In February 1902, Einstein moved to Bern and applied for a job with the Swiss Patent Office. He was given a probationary appointment to begin in June of that year and was promoted to the position of technical expert, third class, a few months later. The seven years Einstein spent at the Patent Office were the most productive years of his life. The demands of his work were relatively modest and he was able to devote a great deal of time to his own research.

The promise of a steady income at the Patent Office also made it possible for Einstein to marry. Mileva Maric (also given as Maritsch) was a fellow student in physics at ETH, and Einstein had fallen in love with her even though his parents strongly objected to the match. Maric had originally come from Hungary and was of Serbian and Greek Orthodox heritage. The couple married on January 6, 1903, and later had two sons, Hans Albert and Edward. A previous child, Liserl, was born in 1902 at the home of Maric's parents in Hungary, but there is no further mention or trace of her after 1903 because she was given up for adoption.

Groundbreaking work in theoretical physics

In 1905, Einstein published a series of papers, any one of which would have assured his fame in history. One, "On the Movement of Small Particles Suspended in a Stationary Liquid Demanded by the Molecular-Kinetic Theory of Heat," dealt with a phenomenon first observed by the Scottish botanist Robert Brown (1773-1856) in 1827. Brown had reported that tiny particles, such as dust particles, move about with a rapid and random zigzag motion when suspended in a liquid.

Einstein hypothesized that the visible motion of particles was caused by the random movement of molecules that make up the liquid. He derived a mathematical formula that predicted the distance traveled by particles and their relative speed. This formula was confirmed experimentally by French physicist Jean Baptiste Perrin (1870-1942) in 1908. Einstein's work on the Brownian movement is generally regarded as the first direct experimental evidence of the existence of molecules.

A second paper, "On a Heuristic Viewpoint concerning the Production and Transformation of Light," dealt with another puzzle in physics, the photoelectric effect. First observed by Heinrich Hertz (1857-1894) in 1888, the photoelectric effect involves the release of electrons from a metal that occurs when light is shined on the metal. The puzzling aspect of the photoelectric effect was that the number of electrons released is not a function of the light's intensity, but of the color (that is, the wavelength) of the light.

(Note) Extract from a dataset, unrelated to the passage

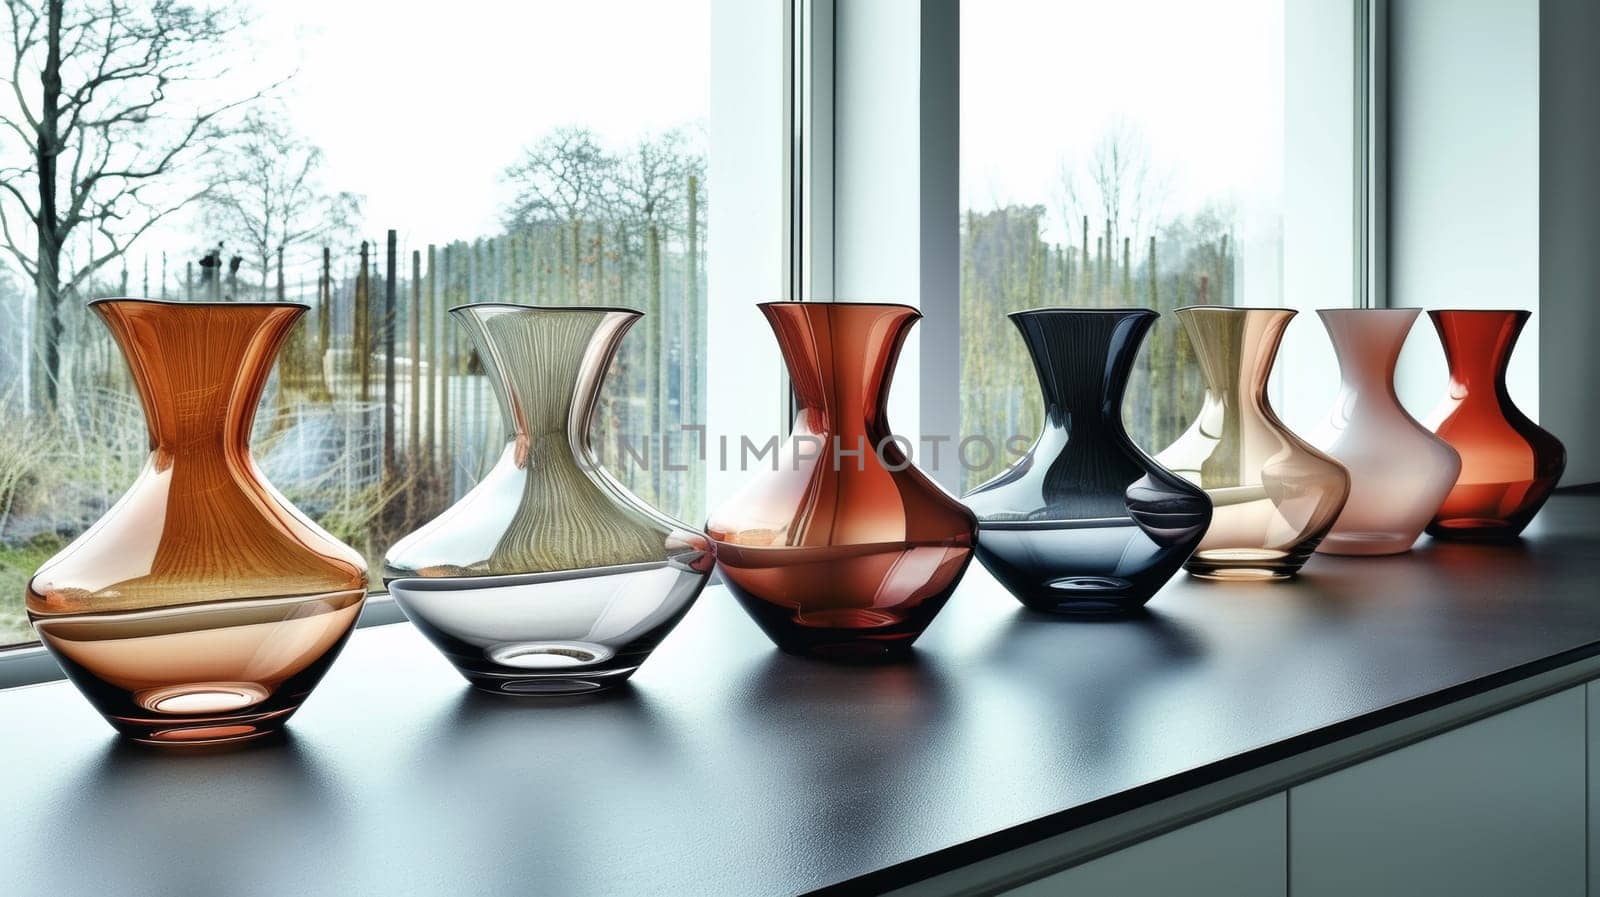 A row of vases lined up on a counter by the window

To solve this problem, Einstein made use of a concept known as the quantum hypothesis, developed only a few years before in 1900 by the German physicist Max Planck (1858-1947). Einstein assumed that light travels in tiny discrete bundles, or "quanta," of energy. The energy of any given light quantum (later renamed the photon), Einstein said, is a function of its wavelength. Thus, when light falls on a metal, electrons in the metal absorb specific quanta of energy, giving them enough energy to escape from the surface of the metal. But the number of electrons released will be determined not by the number of quanta (that is, the intensity) of the light, but by its energy (that is, its wavelength). Einstein's hypothesis was confirmed by several experiments and laid the foundation for the fields of quantitative photoelectric chemistry and quantum mechanics. As recognition for this work, Einstein was awarded the 1921 Nobel Prize in physics.

A third 1905 paper by Einstein, almost certainly the one for which he became best known, details his special theory of relativity. In essence, "On the Electrodynamics of Moving Bodies" discusses the relationship between measurements made by observers in two separate systems moving at constant velocity with respect to each other.

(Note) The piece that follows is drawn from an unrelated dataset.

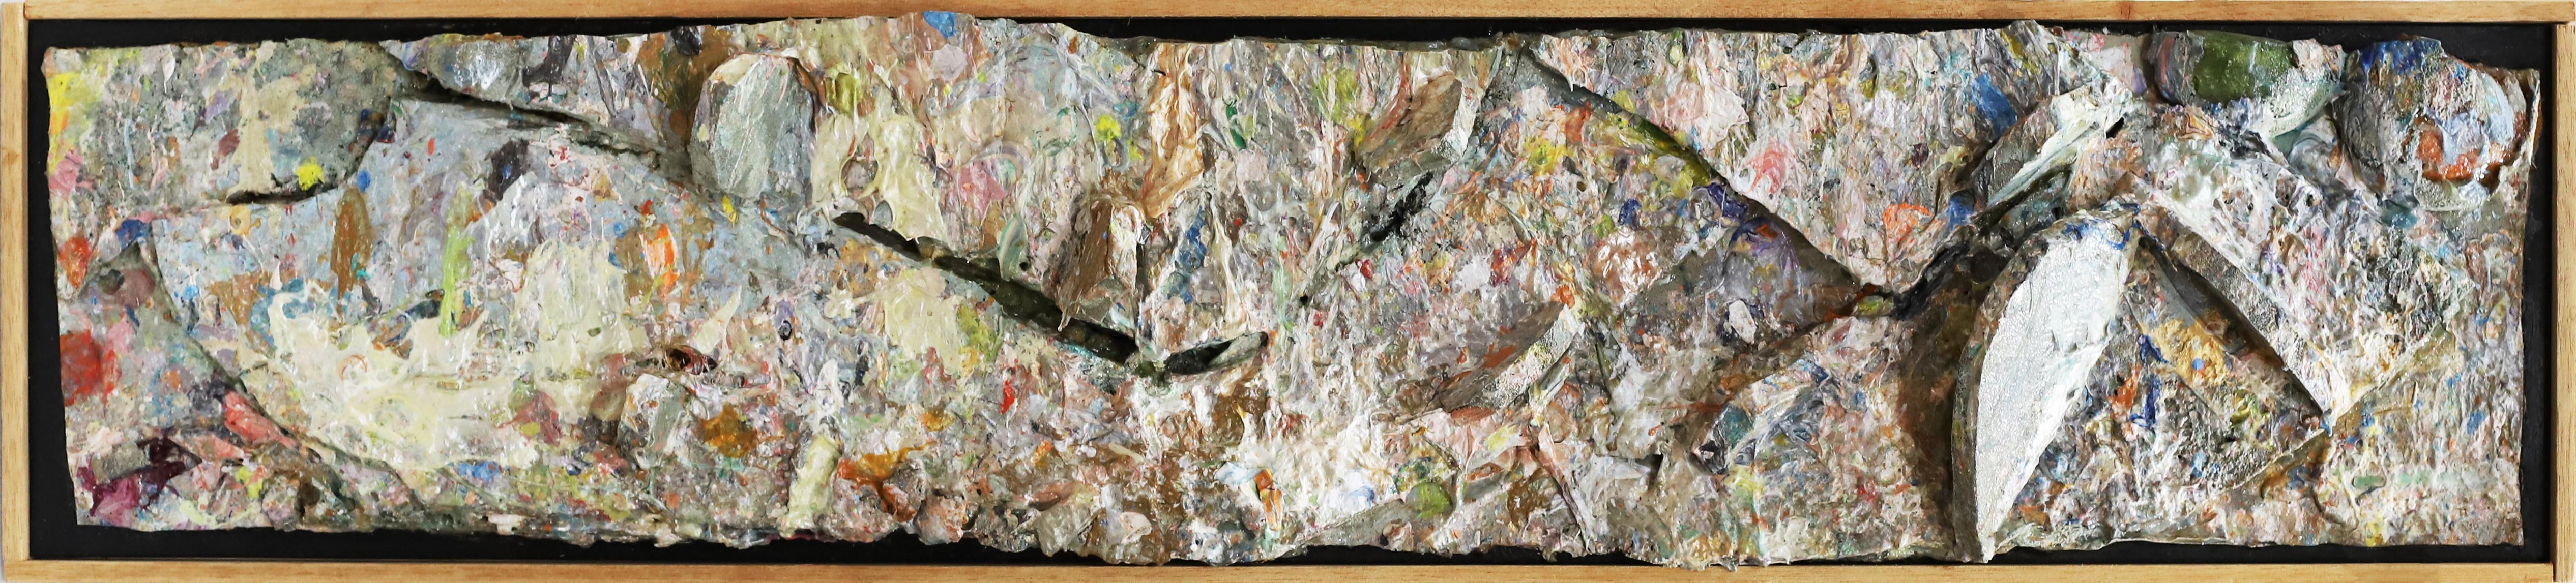  89AS-1 - Painting by Larry Poons

Einstein's work on relativity was by no means the first in the field. French physicist Jules Henri PoincarÉ (1854-1912), Irish physicist George Francis FitzGerald (1851-1901), and Dutch physicist Hendrik Lorentz (1853-1928) had already analyzed in some detail the problem attacked by Einstein in his 1905 paper. Each had developed mathematical formulas that described the effect of motion on various types of measurement. Indeed, the record of pre-Einsteinian thought on relativity is so extensive that one historian of science once wrote a two-volume work on the subject that devoted only a single sentence to Einstein's work. Still, there is little question that Einstein provided the most complete analysis of this subject. He began by making two assumptions. First, he said that the laws of physics are the same in all frames of reference. Second, he declared that the velocity of light is always the same, regardless of the conditions under which it is measured.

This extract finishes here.